Acheson was an American chemist who invented the process to create carborundum. Carborundum is also known as silicon carbide and is used as an abrasive, semiconductor material, and ceramic additive. Acheson would receive 70 patents relating to the use and production of silicon carbide.

The Acheson process is still used today in the production of silicon carbide.

1851 – Hans Christian Østed died.

Hans Christian Orsted
Hans Christian Ørsted (1777-1581) Danish physicist and chemist

Ørsted was a Danish physicist who showed that an electric current produces magnetic fields. He discovered the needle of a compass would point towards the wire when he allowed an electric current to pass through a wire. He also found if he reversed the direction of the current, the needle would point away from the wire. He initially thought the magnetic field radiated out from the wire like heat. He later discovered the magnetic field actually followed a circular pattern around the wire.
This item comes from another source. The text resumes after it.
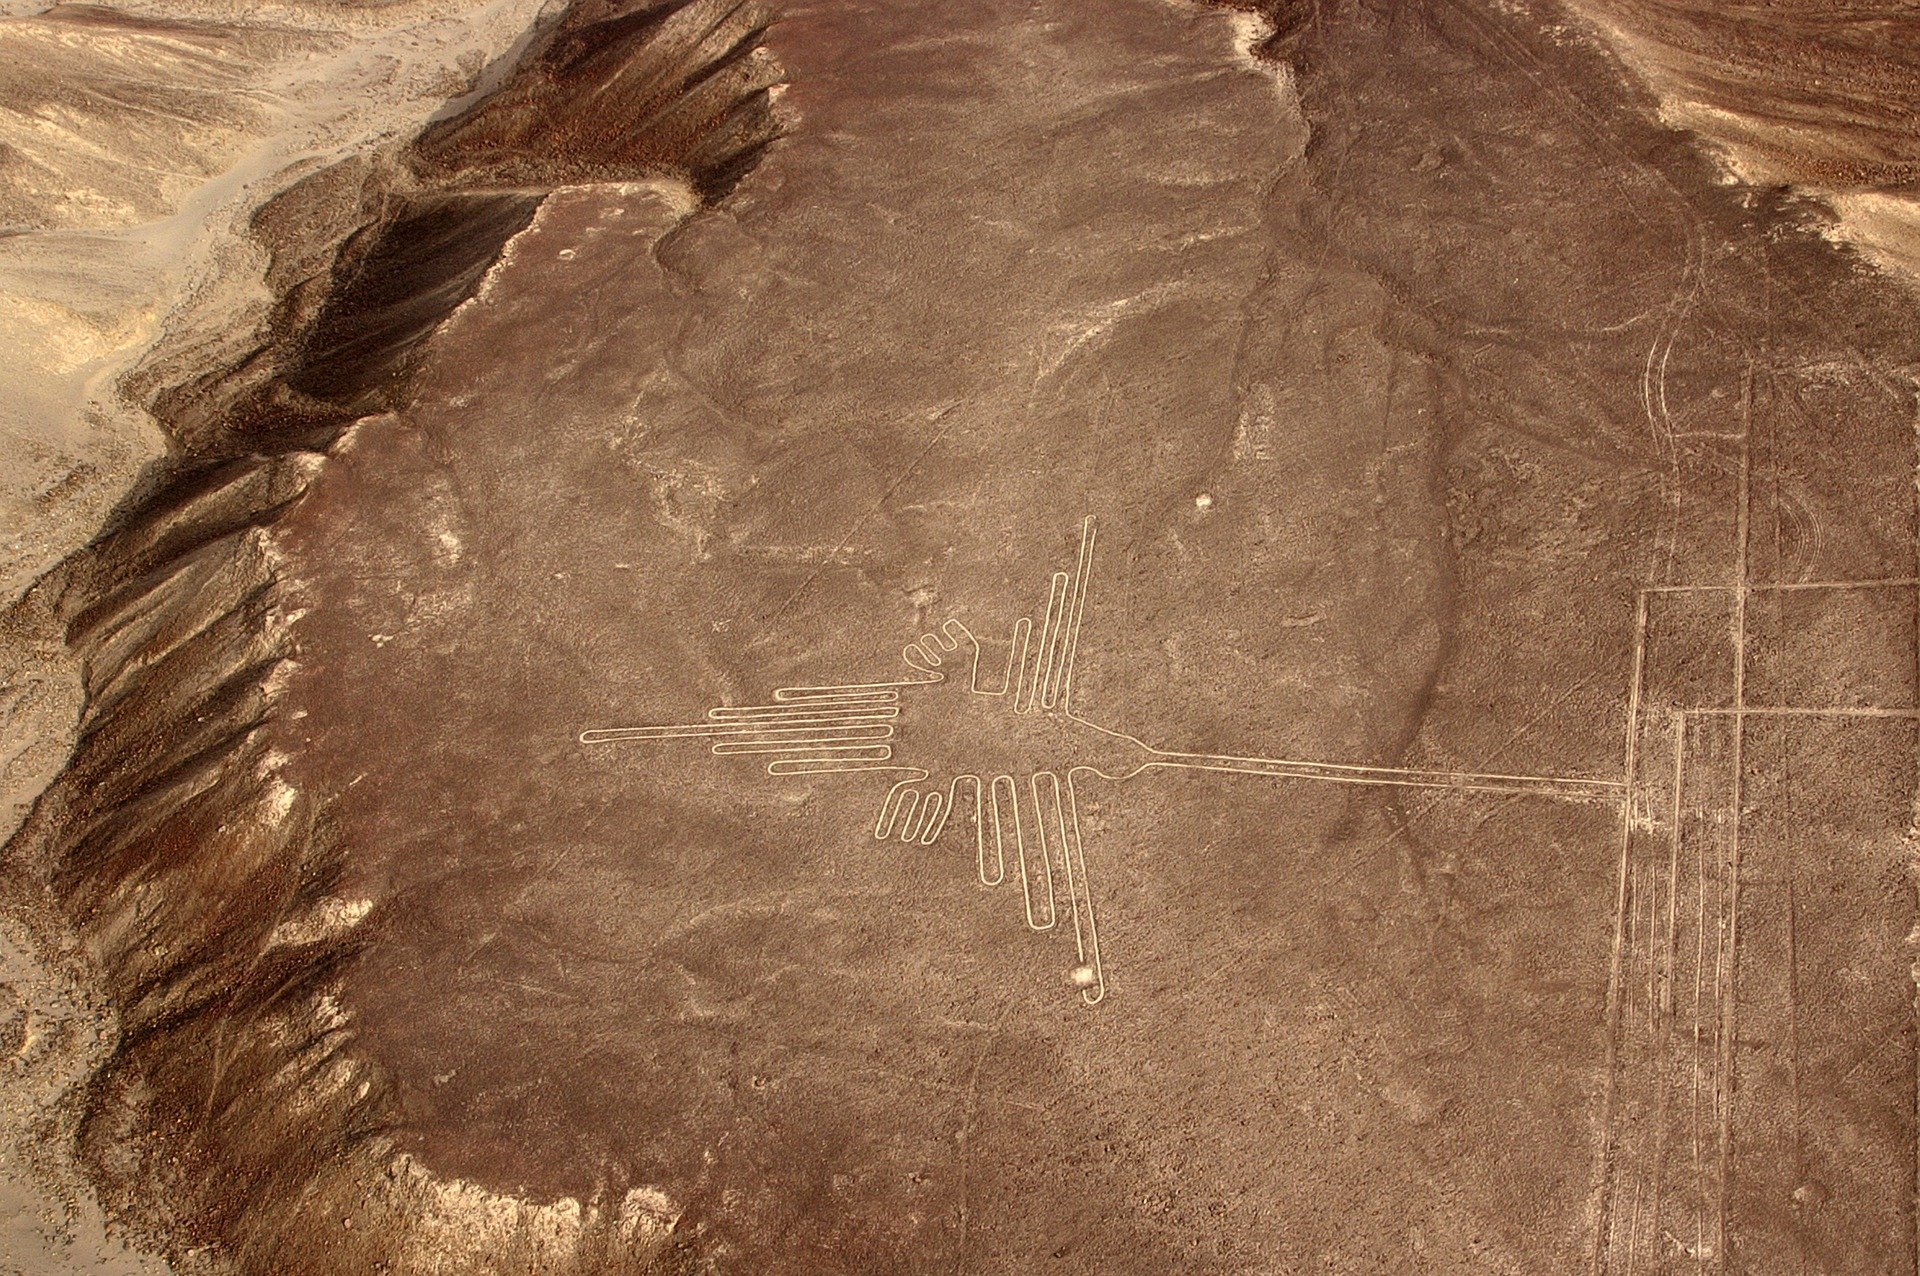 Geoglyph art made into a large area of sand

These discoveries founded the science of electrodynamics. Both electricity and magnetism had been known for centuries but they were always thought as a separate phenomenon. Ørsted was the first to link them together. Even though he made this significant discovery, the only thing he achieved after it was to write a short treatise and move on to other topics. Electromagnetism would have to wait for French physicist André-Marie Ampère to express this effect through mathematics.

Ørsted was the first to isolate an alkaloid found in pepper known as piperine. This chemical is responsible for the black pepper smell. He was also the first to produce metallic aluminum from aluminum chloride.

The CGS unit of magnetic induction is named after him. One oersted (Oe) is defined as a dyne (CGS unit of force equal to 10 micronewtons) per unit pole.

1564 – David Fabricius was born.

Fabricius was a German astronomer who observed the first variable star. This discovery conflicted with the current idea the stars were eternal and unchanging.